##### Supplied data #####

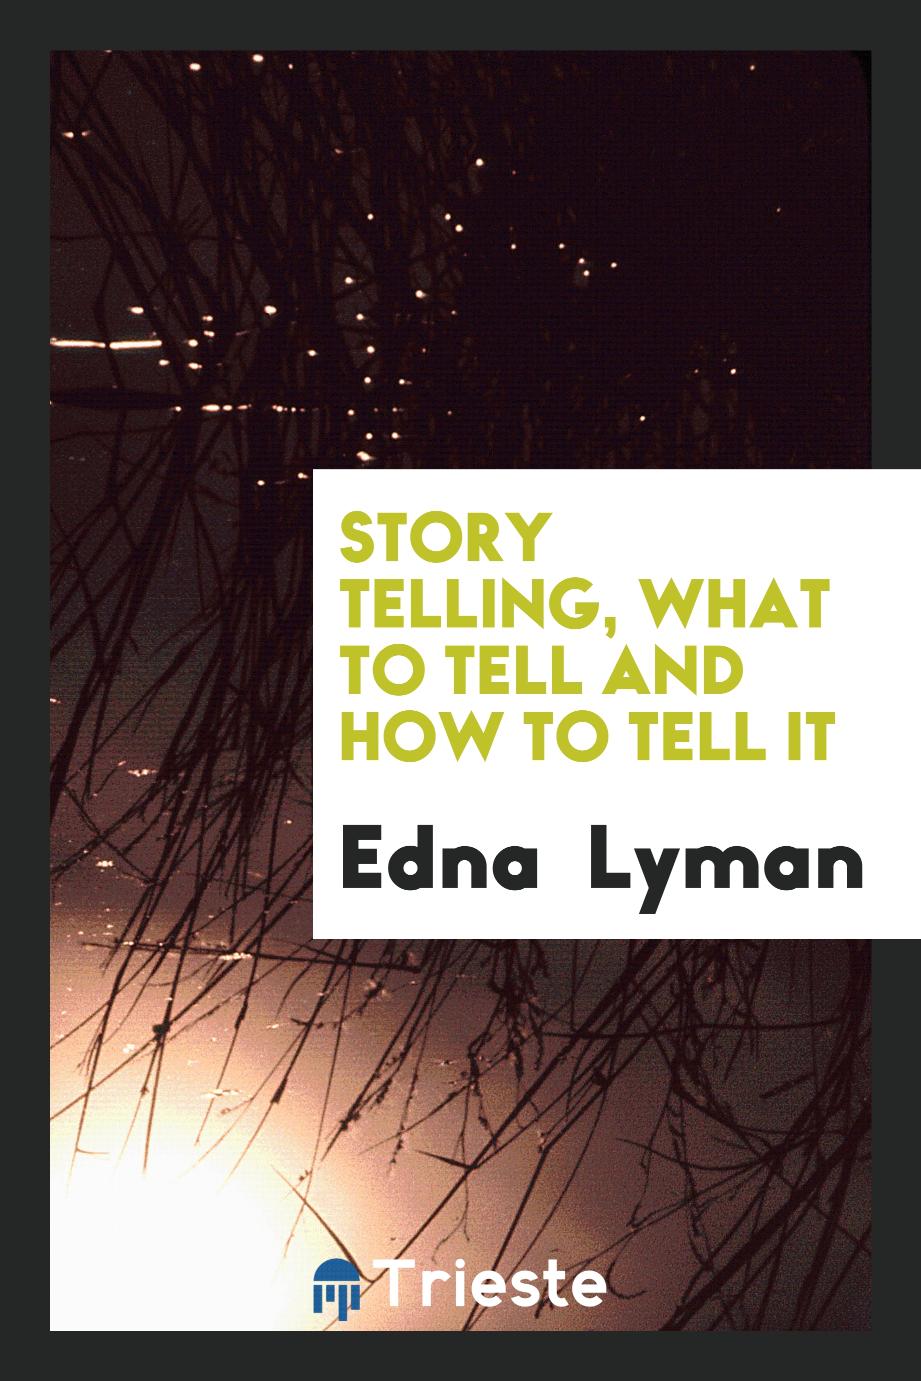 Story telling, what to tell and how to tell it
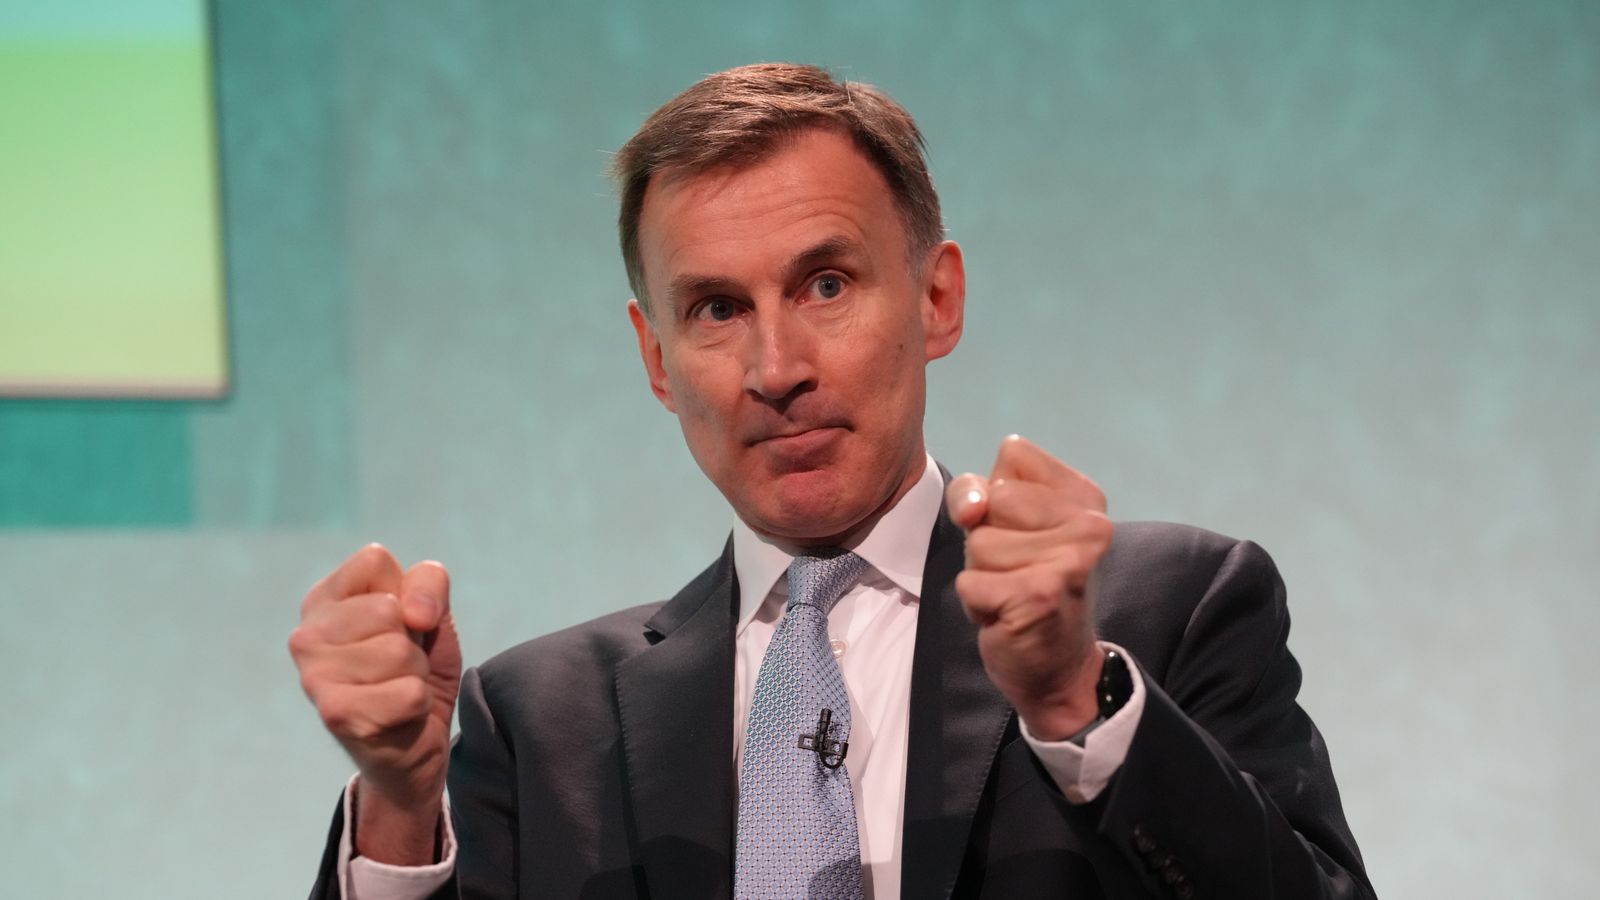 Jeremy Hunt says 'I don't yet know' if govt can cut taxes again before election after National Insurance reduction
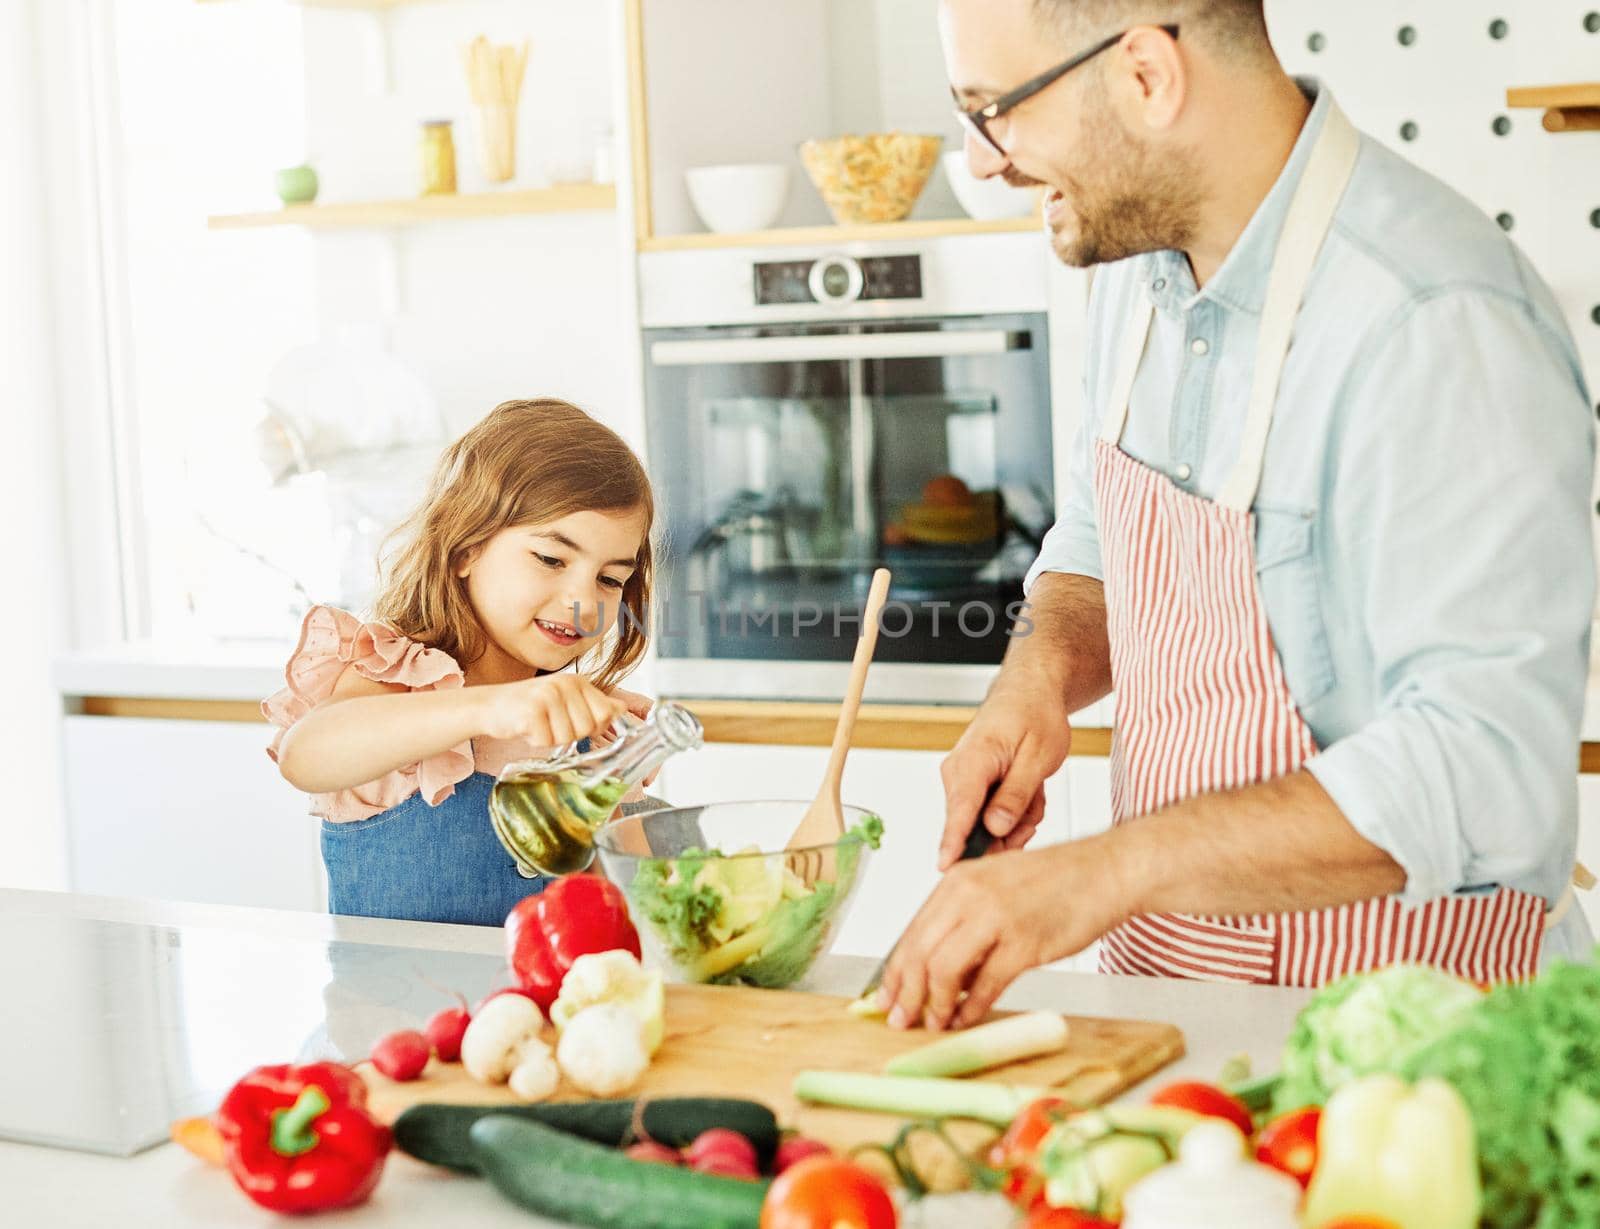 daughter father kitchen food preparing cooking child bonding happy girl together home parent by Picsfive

#####

Nothing but the lines from the start of the listing through the line with "Jeremy Hunt says" belongs in the answer, each one retyped exactly and without pictures.

 Story telling, what to tell and how to tell it
 Jeremy Hunt says 'I don't yet know' if govt can cut taxes again before election after National Insurance reduction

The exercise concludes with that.